Wednesday, March 24, 2010

magnitude

For the first few months after Rhys and Quin were born, I was certain that throughout the world and throughout history, no mother had ever loved her babies as I loved mine. This thought wasnt a reflection of my opinions about other mothers, it was simply a matter of capacity and an irrational certainty that loving my babies any more than I already did would cause the universe to explode into a hundred billion pieces of sopping, heavy heart. I wasnt prepared for the magnitude of motherhood; the idea that other mothers felt the way that I felt and were able to pull it together and function was completely incomprehensible to me. I looked out at the world, feeling perplexed and at a total loss in trying to make sense of the suddenly re-written familiar. Images Ive seen hundreds, thousands of times immediately took on new meaning. Commercials about the starving children in Africa, news stories about a runaway teenage boy, television dramas about kidnappings and murders. Although Ive always considered myself a compassionate person, it suddenly seemed as though my former self must have been a cold and heartless shell of a human being to be able to stomach these ideas without urgently forming what had recently become my inescapable conclusion: somebodys baby. That is somebodys baby.
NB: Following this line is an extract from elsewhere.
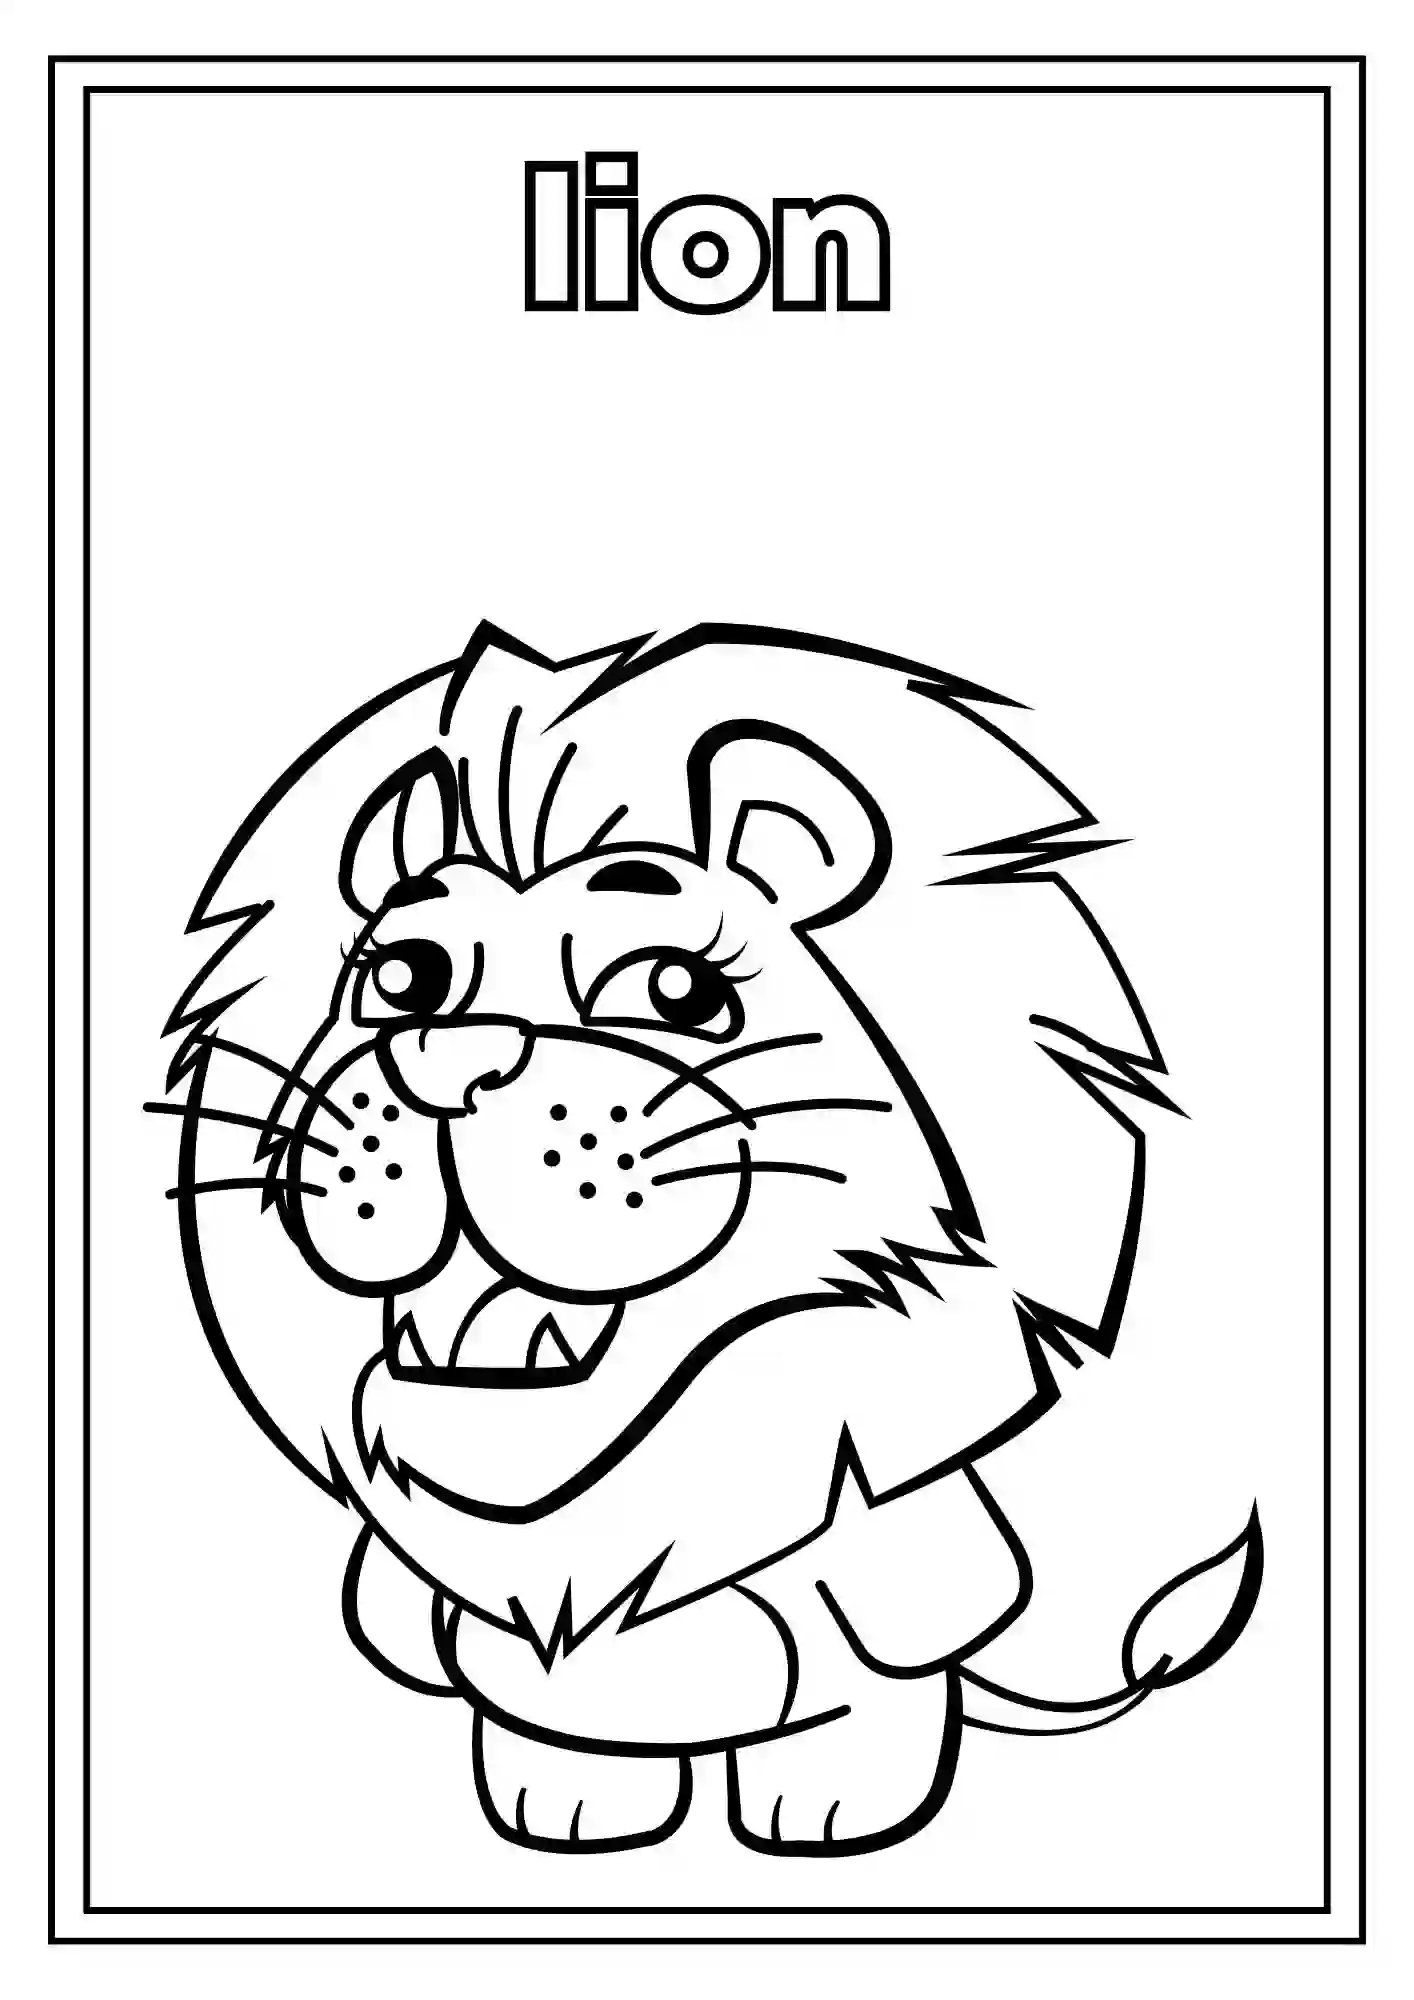 Animal Coloring Worksheets for Kindergarten Part 2 (LION)
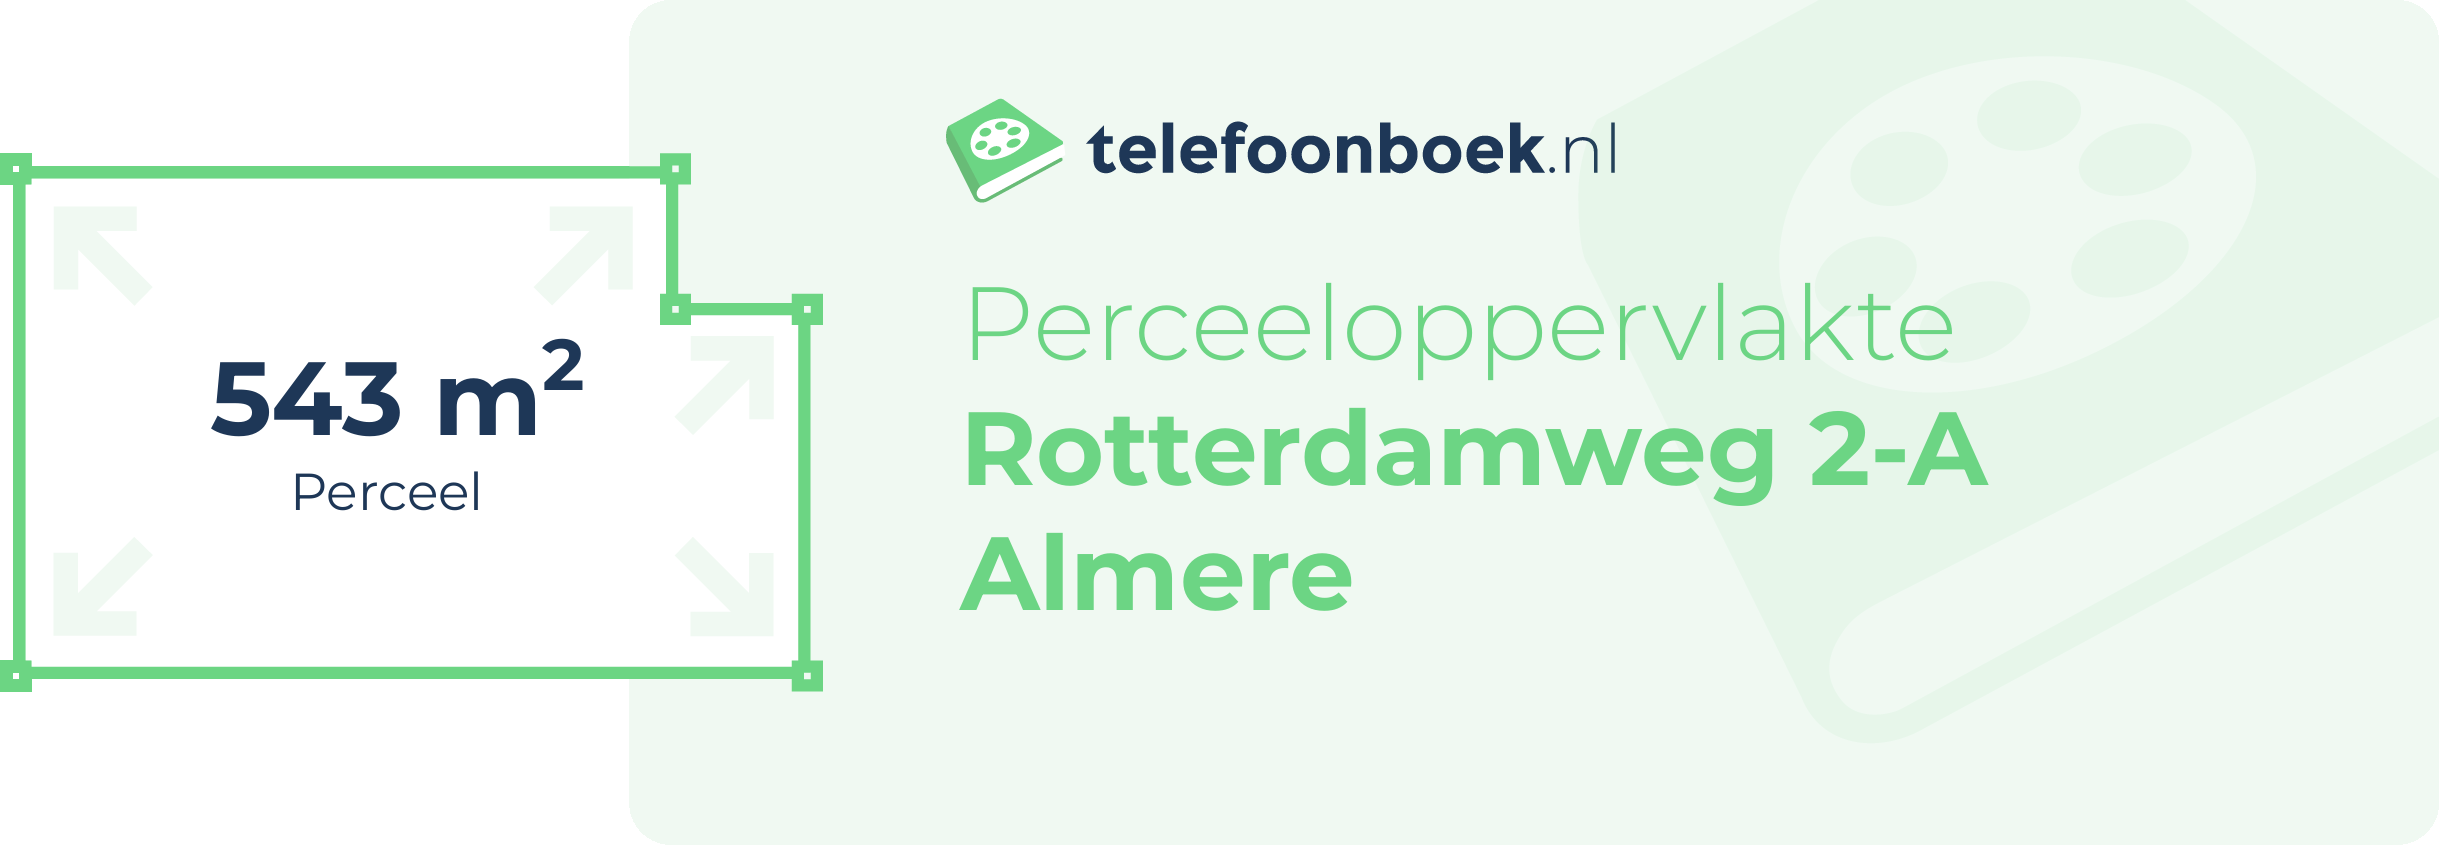 Perceeloppervlakte Rotterdamweg 2-A Almere

As time has passed, Ive become slightly more acclimated to the experience of being a mother. Of creating life and loving beyond the bounds of understanding. I have come to realize that as much as I love my babies, it is not only possible, but in fact quite likely that other mothers love their babies just as much. Initially, that realization stung a bit. Then the stinging turned into an emphatic, huh. And now amazement. What a collective power.

I suppose thats what knocked me off my center in the first place. Human beings. Creating them. Raising them. Loving them. The impact that we make on the world and on one another. Single influential individuals, good and evil. Martin Luther King. Gandhi. Hitler. Joint movements for change. The Emancipation Proclamation. The suffragettes. The daily fabric of our world, individual lives woven together in a delicate yet inescapable chain reaction. Its not just about mothers. Its about all of us and all of our actions and all of the beautiful and mundane details of life. But right now I can only speak as a mother. I want to hold on to this moment; here, where I sit and see the magnitude of what I hold in my hands. Two babies, for whom I simply want peace and love and true happiness. Two babies, who make me want to mold the world into a place that welcomes and nurtures and is safe.

I know that in time I may become desensitized. We havent hit the terrible twos yet. I have never attempted to parent a teenager. Just as Ive slowly come to realize that the universe is not in danger of explosion under the pressure of my love, perhaps in time I will feel at ease with the fragility of it all. But for now I am here. Writing to ask myself to remember what it felt like, peering out at the world with my babies wrapped tightly in my arms.

9 comments:

Anonymous said...

Wait until you start crying when you see razor commercials featuring dads and their kids. It's not something I'm proud of, but I have made my peace with it.

xoxo

Ursula

freckletree said...

looks like you found that acid.

see why i went crazy? you are actually handling it pretty well in comparison.

also, i am officially threatening to call you if you don't make contact within 48 hours.

Babes Mami said...

After I had my son everything changed. The world looked completely different. I knew it would change but I was not prepared for how much. He is 8 months old and my love for him still amazes and stuns me.

Also per the comment above I also cry at commercials, there is a car insurance one where the 16 year old boy gets his license...gets me everytime.

Daryl said...

Beautifully expressed, a keeper, one you will look back on and feel very good about

Anonymous said...

I have felt just like that too.
Very beautifully written.

Anonymous said...

I have felt just like that too.
Very beautifully written.

Sarah said...

hi, i recently found your blog through facebook and love it. I'm a twin, and your stories really make me feel for my Mum :-)
I have a new 2 month old, and "That is somebody’s baby." is exactly how I feel, too.

Anonymous said...

Well said!

I love that feeling. Rationally you know others feel the same but inside you cannot believe anyone could love the way you do.

Tessa said...

I love this post! I felt/feel the exact same way. And IMO terrible twos aren't realy. They are the terrific twos! Yes they start to assert a little more independence but it's still completely incredible watching your child grow and go through all these wonderful phases! A good friend who has kids ranging from nearly 2 to 22 says that it doesn't go away. Even when they're teenagers and even when they're grown and married.
I have a hard time imagining life can get any better and that I can love him more. But then I wake up the next day and look into those little blue eyes and he not only recaptures my heart, he expands my capacity to love!